These self-reported results are reasonable, but ought to be taken with a grain of salt given the small samples and known differences between opinions and behavior. If the results are reliable, they ought to be replicated in other data. To check this, I turn to aggregate election returns to help develop an understanding of the turnout consequences of minor-party voting in 2000. Because the electoral college operates on a winner-take-all basis within states, the first analysis relies on states as the units of analysis.

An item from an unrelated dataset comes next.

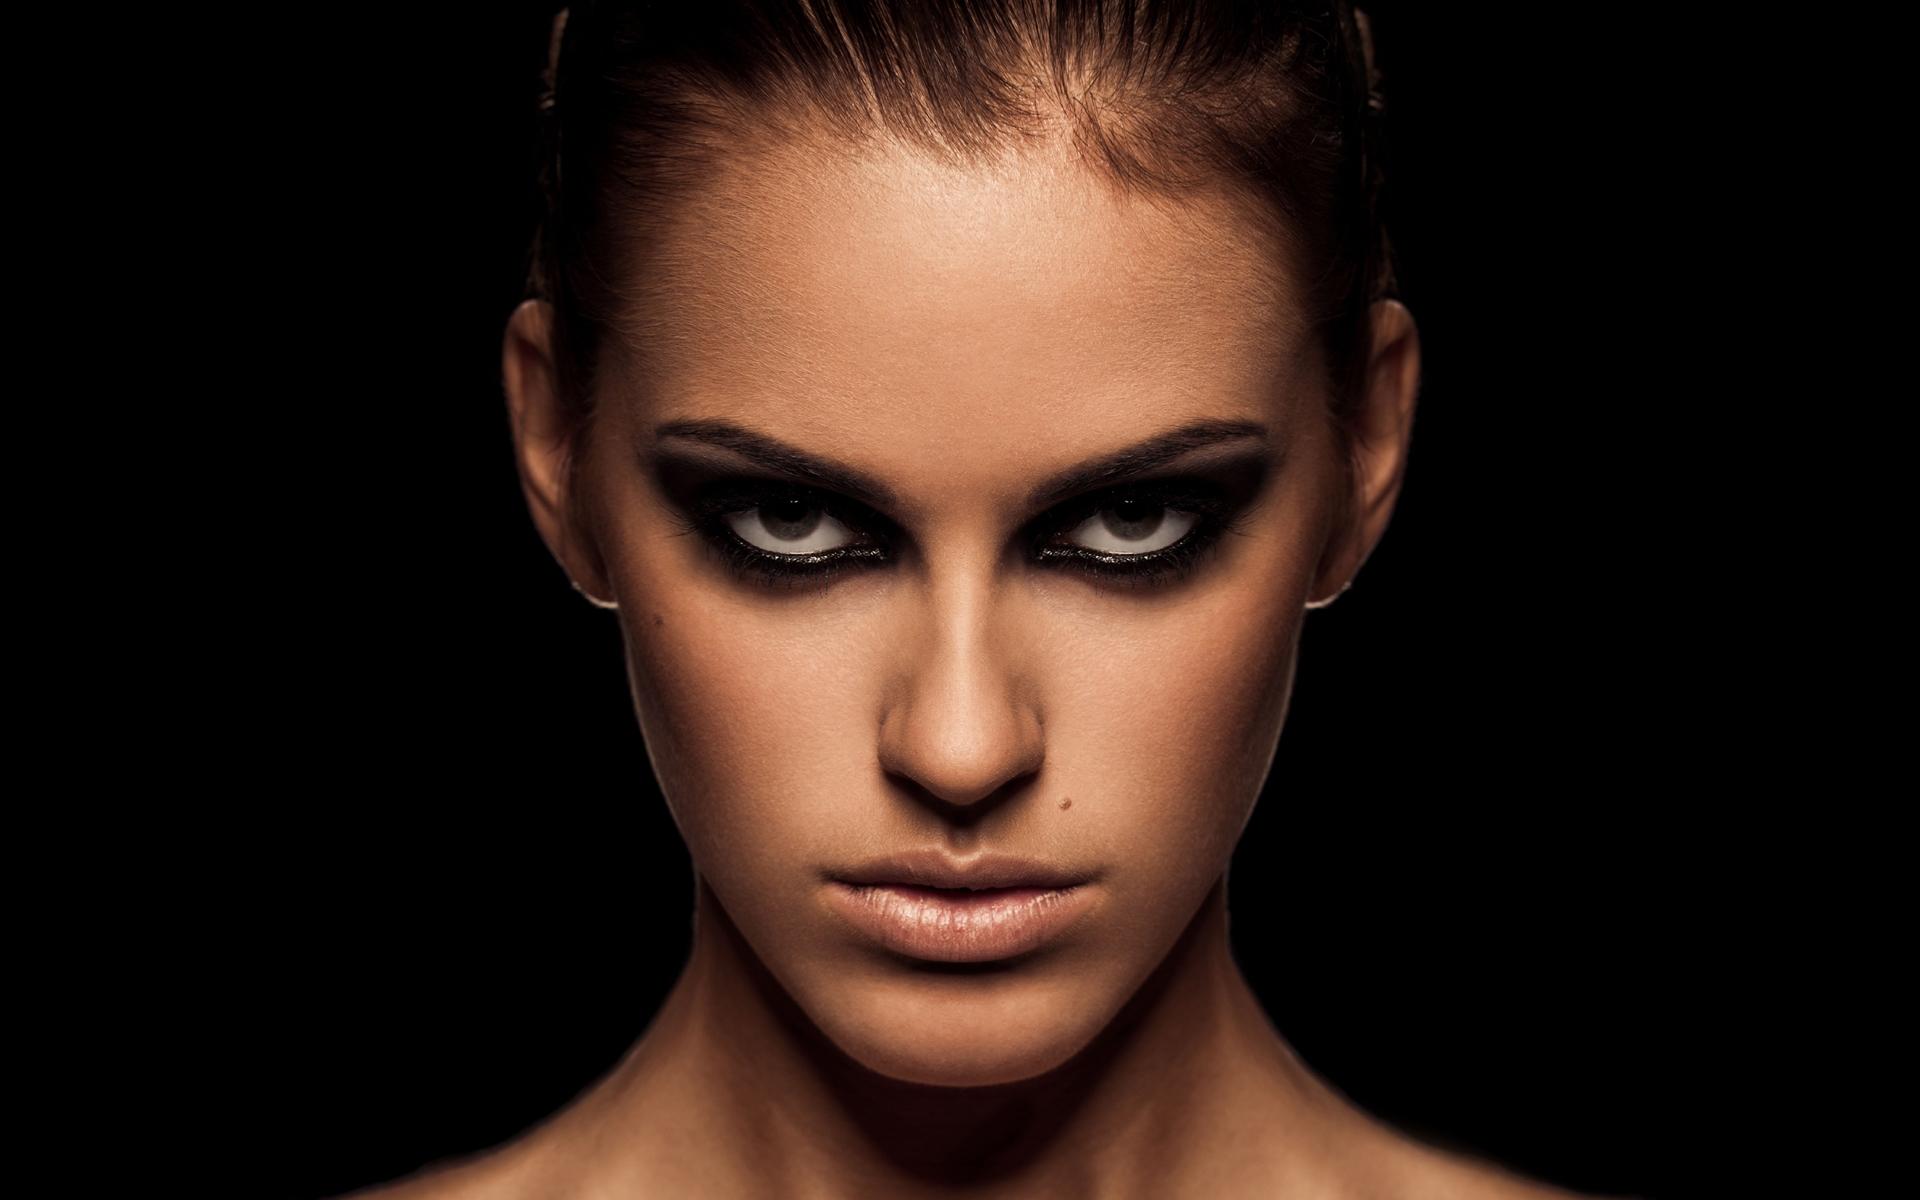 Фото девушки красивая но злая

The results are found in Table 11.4. The regression models suggest that state electorates with more whites, fewer cities, more education, and higher incomes all have higher turnout. These variables capture interstate differences sufficiently well that southern exceptionalism has disappeared. As expected, the closeness of the race seems to have a positive effect on turnout after controlling for minor-party showings. This could be because closeness per se encourages potential abstainers to turn out or because a closer race causes the candidates to engage in more voter mobilization (Cox and Munger 1989). Buchanan has a negligible effect on turnout, but Nader in contrast appears to have increased voter participation directly.This state-level analysis, in conjunction with the survey data analyzed earlier, confirms that Nader had an indisputable effect on voter turnout. Many of his supporters were so committed to him -- or dissatisfied enough with every other candidate -- that they simply would have abstained had Nader not run. It is this inverse relationship between voters' enthusiasm and their candidate's vote shares that allows some of the poorest-performing minor parties to have some of the largest direct effects on voter turnout.

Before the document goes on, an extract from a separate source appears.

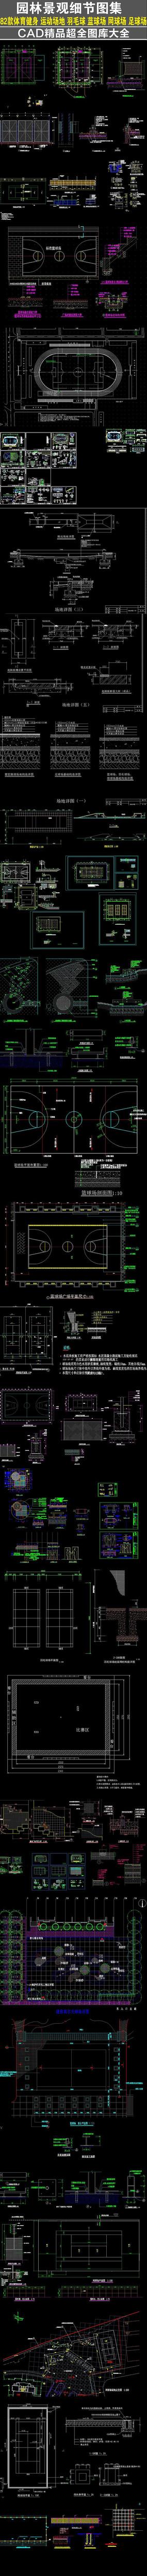 82款体育健身场地CAD图库

Though many would have chosen not to vote in a two-way race, the largest group of Nader voters would have gone to Gore. In fact, many journalists have speculated that the Florida fiasco could have been avoided if Nader had not run since Gore would have picked up enough net Nader supporters to defeat Bush there.Throwing the Electoral College
The analysis presented so far indicates that the outcome of the 2000 election was perverse. Bush not only lost the popular vote but also failed to be the Condorcet winner. Nonetheless, these findings do not address whether Nader indirectly elected Bush by stealing votes disproportionately from Gore. Though many Nader voters said they would have voted for Gore in a hypothetical two-way race, it is difficult to know how well these responses would predict their actual behavior were that to occur. And the data presented so far are merely national averages that cannot reveal how minor parties affected the major- party vote in particular states.
Florida was the center of attention for over a month following the November 7 election. The razor-thin result there was subject to ballot recounts and a series of legal maneuvers by the parties aimed at starting, stopping, and controlling the recounts. Just a few hundred votes separated Bush from Gore, yet Nader received nearly 100,000 votes. If even a small fraction of his voters had chosen Gore instead, the Democrats would have won the presidency.  In fact, Buchanan and six even more obscure minor- arty candidates each received more votes than Bush's margin of victory. Together, these extremely small minor parties account for 250 times the 537 votes that distinguished Bush from Gore in the end. Though Nader's absence might have given Gore a clear Florida win, the absence of a number of right-wing minor-party candidates from Buchanan to Hagelin to Browne might have allowed for a clear Bush victory.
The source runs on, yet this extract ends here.